Given information:
[Start of section]

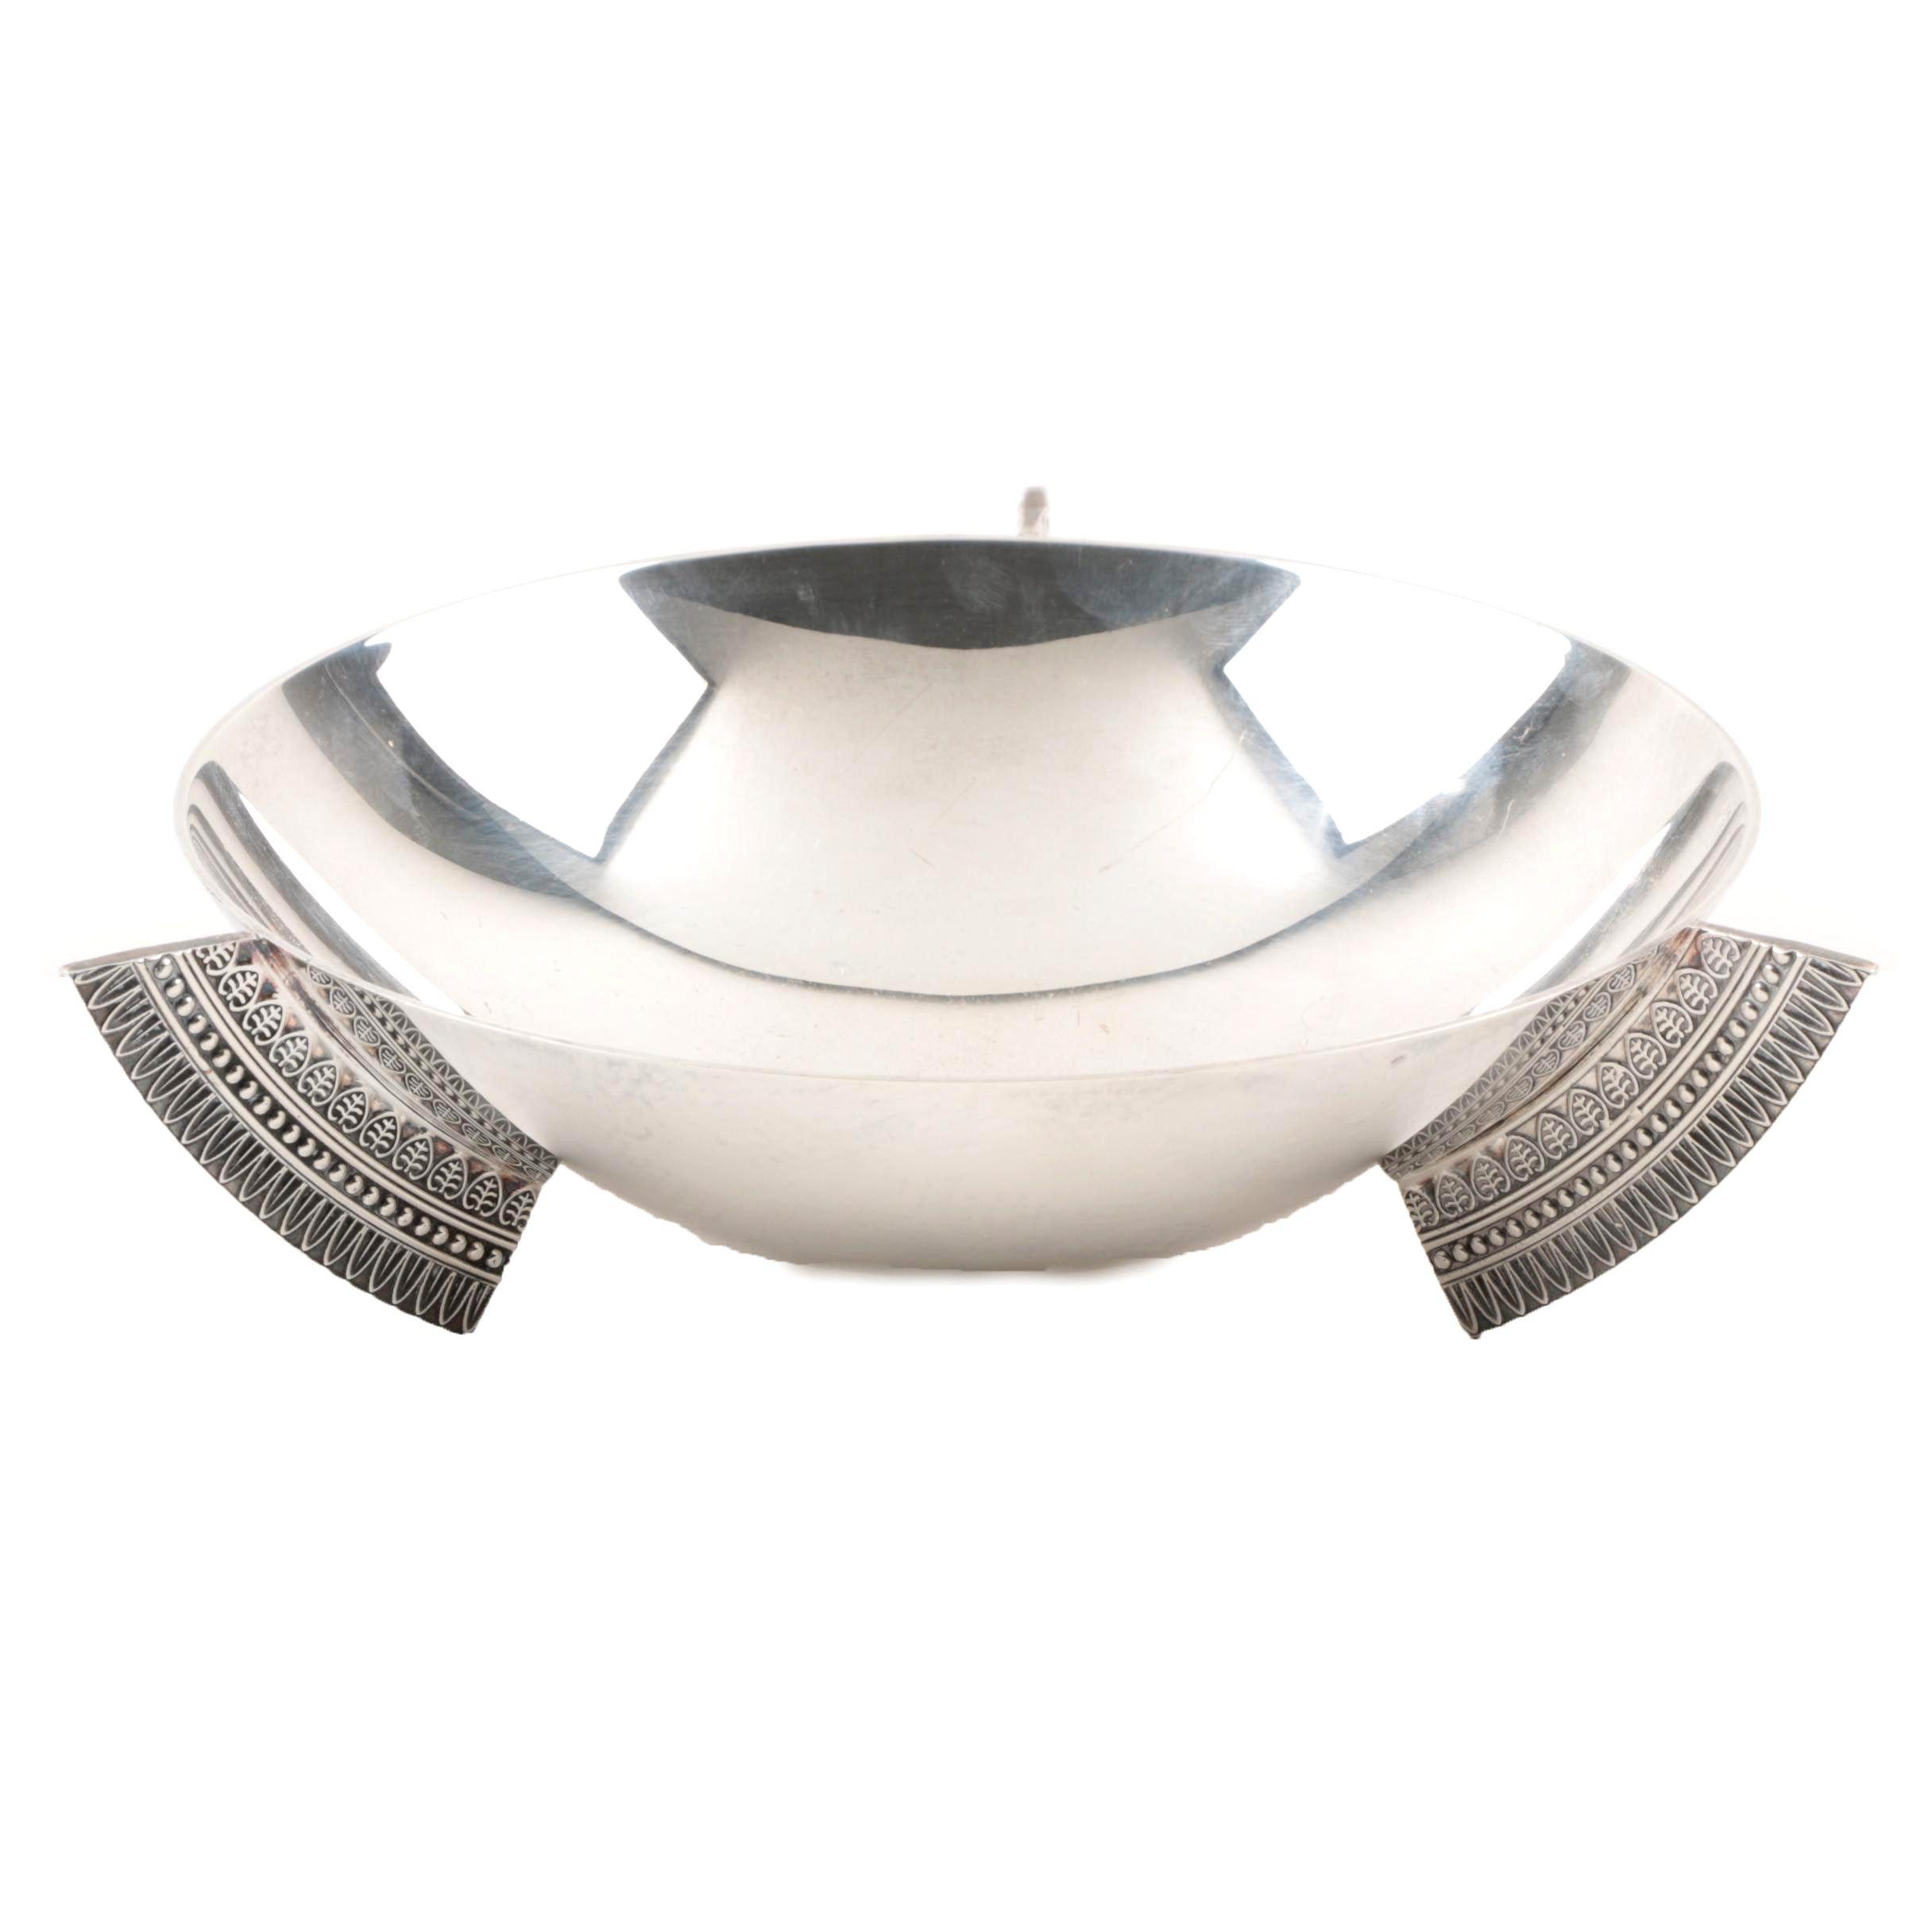 Christofle Modernist Silver Plate Bowl
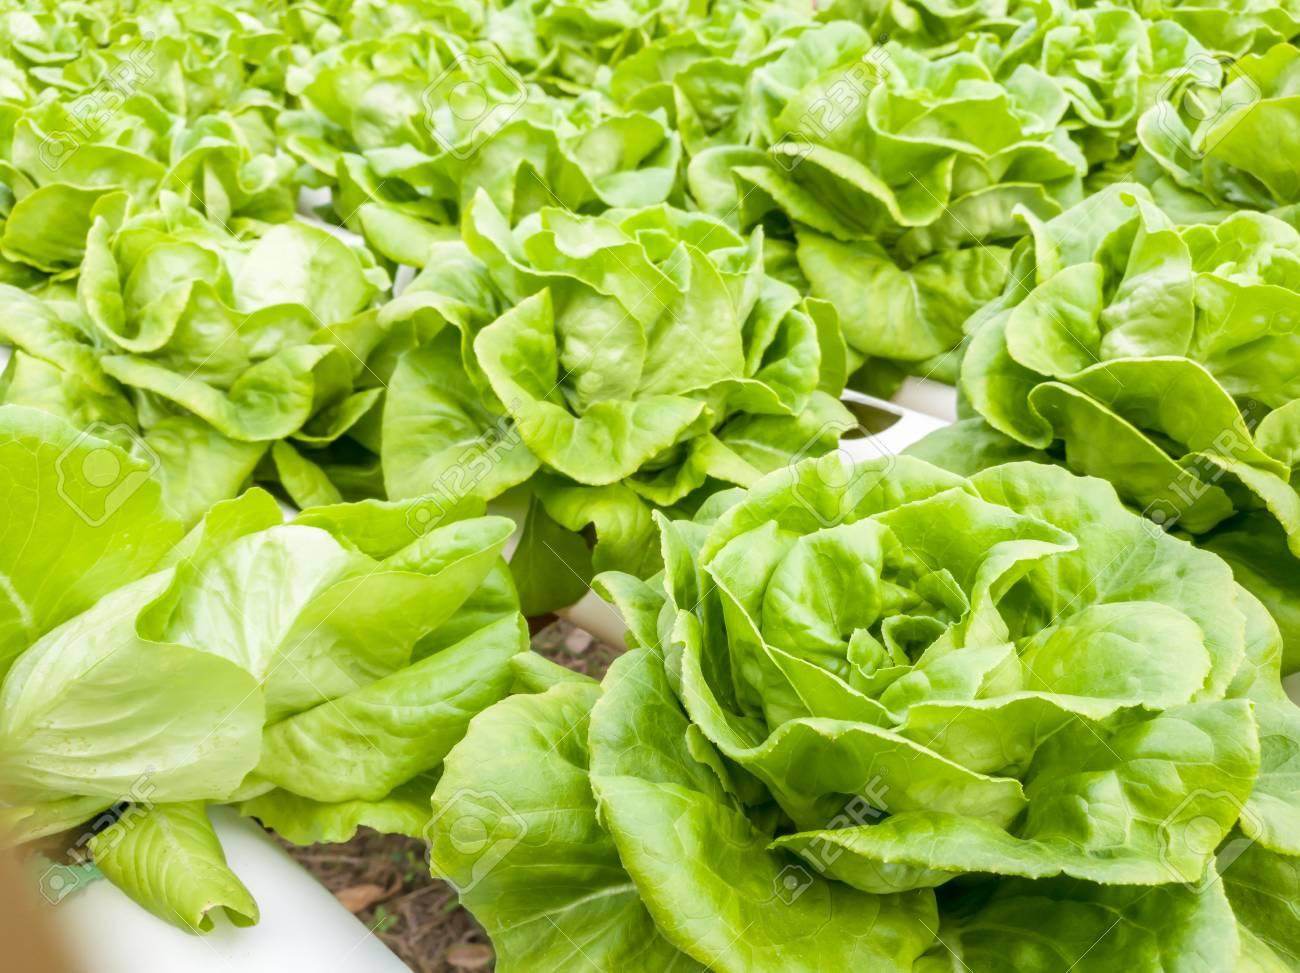 Salad vegetable green fresh lettuce in farm close up - 106236398
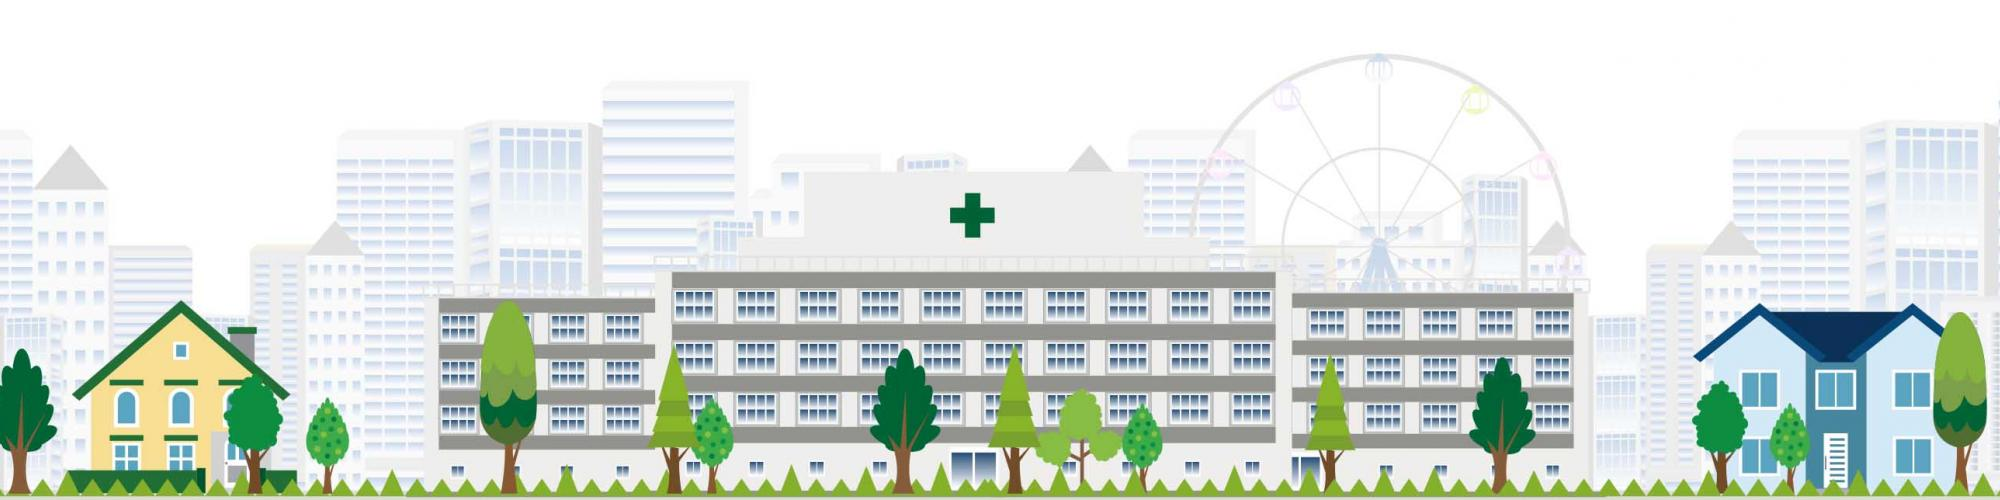 Helios Klinikum Erfurt
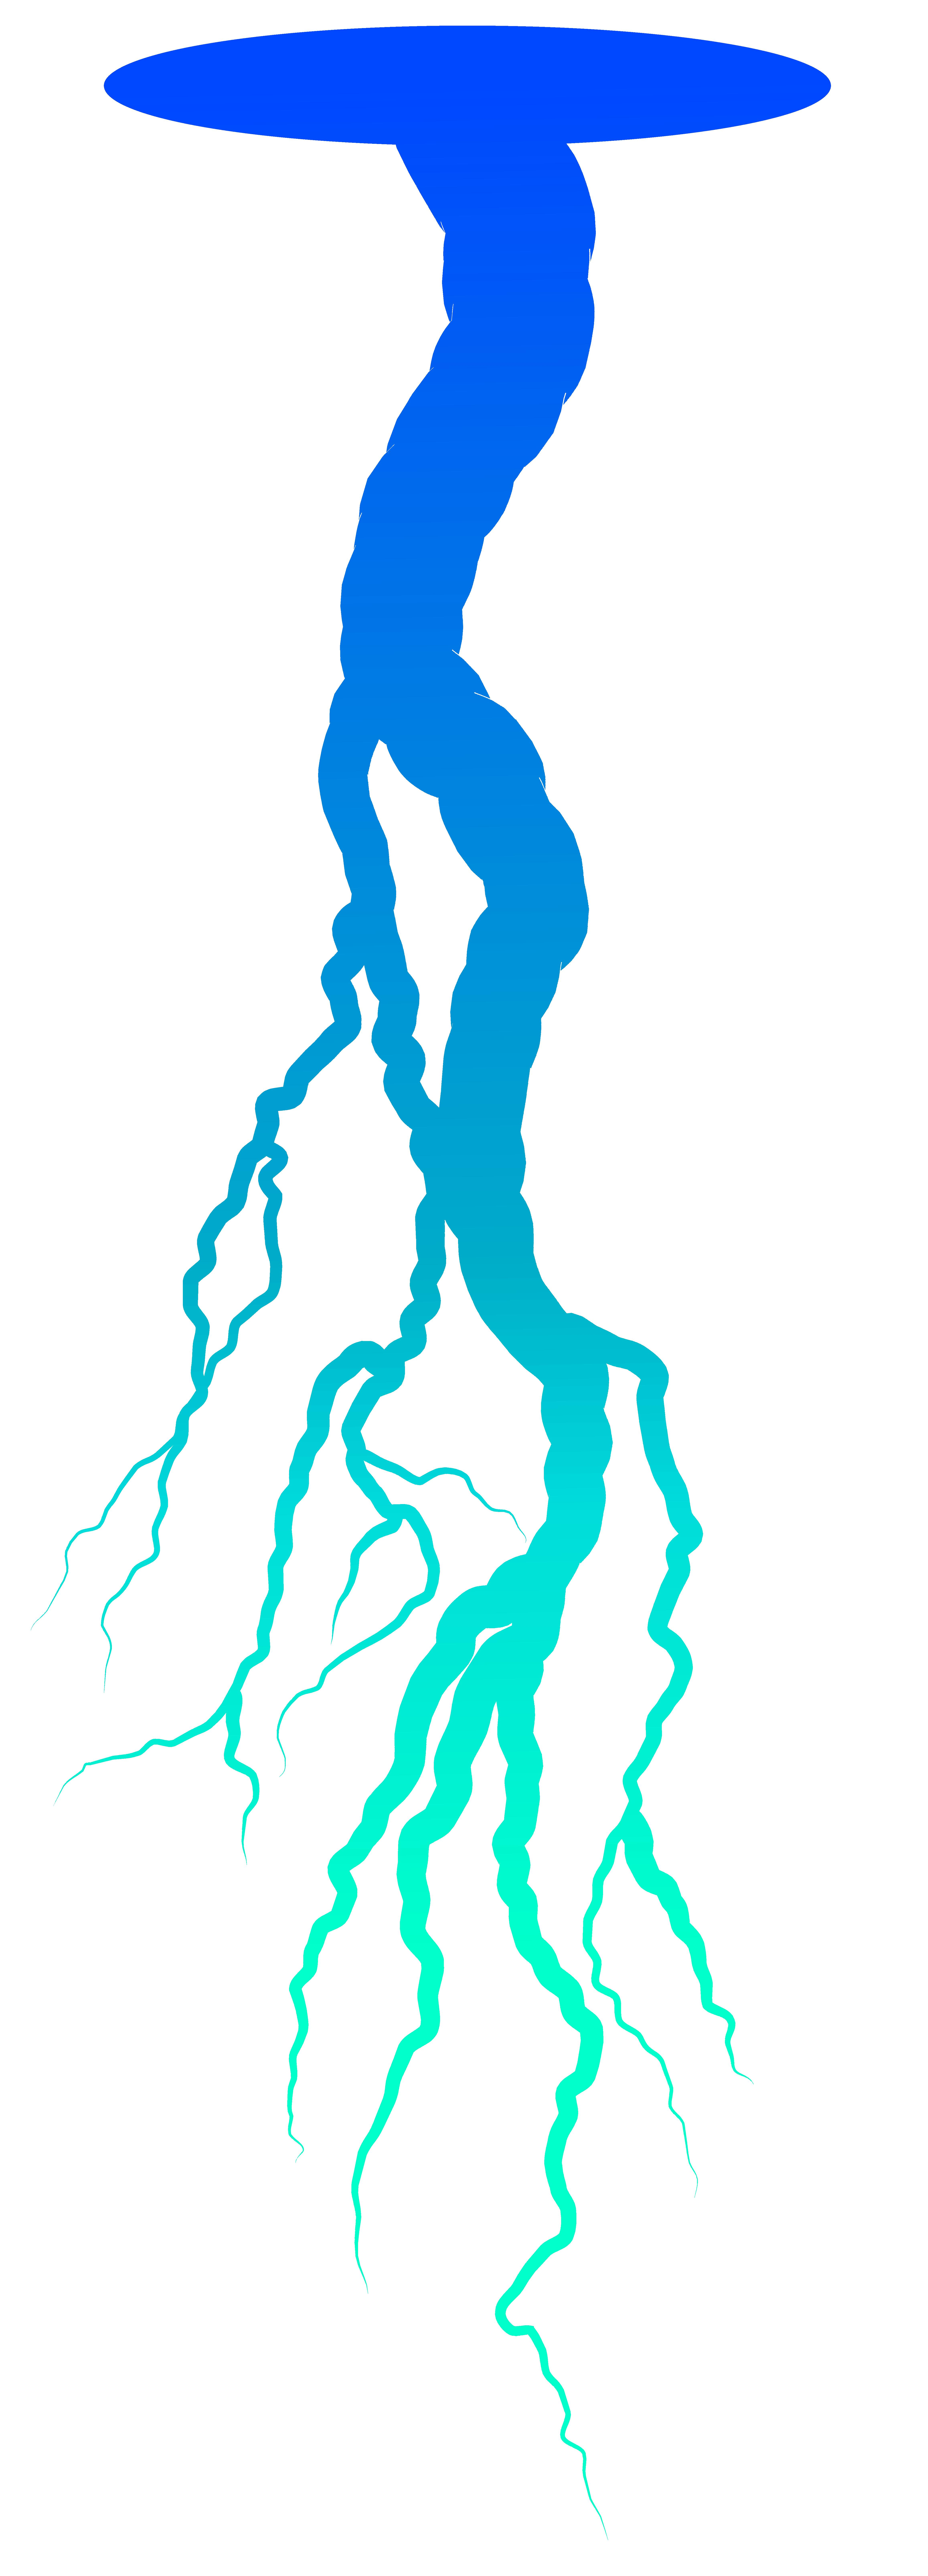 Png transparent clip art. Lightning clipart blue

[End of section]

Exercise details: The response should be the full material, repeated exactly, with images removed.

Written answer:
 Christofle Modernist Silver Plate Bowl
 Salad vegetable green fresh lettuce in farm close up - 106236398
 Helios Klinikum Erfurt
 Png transparent clip art. Lightning clipart blue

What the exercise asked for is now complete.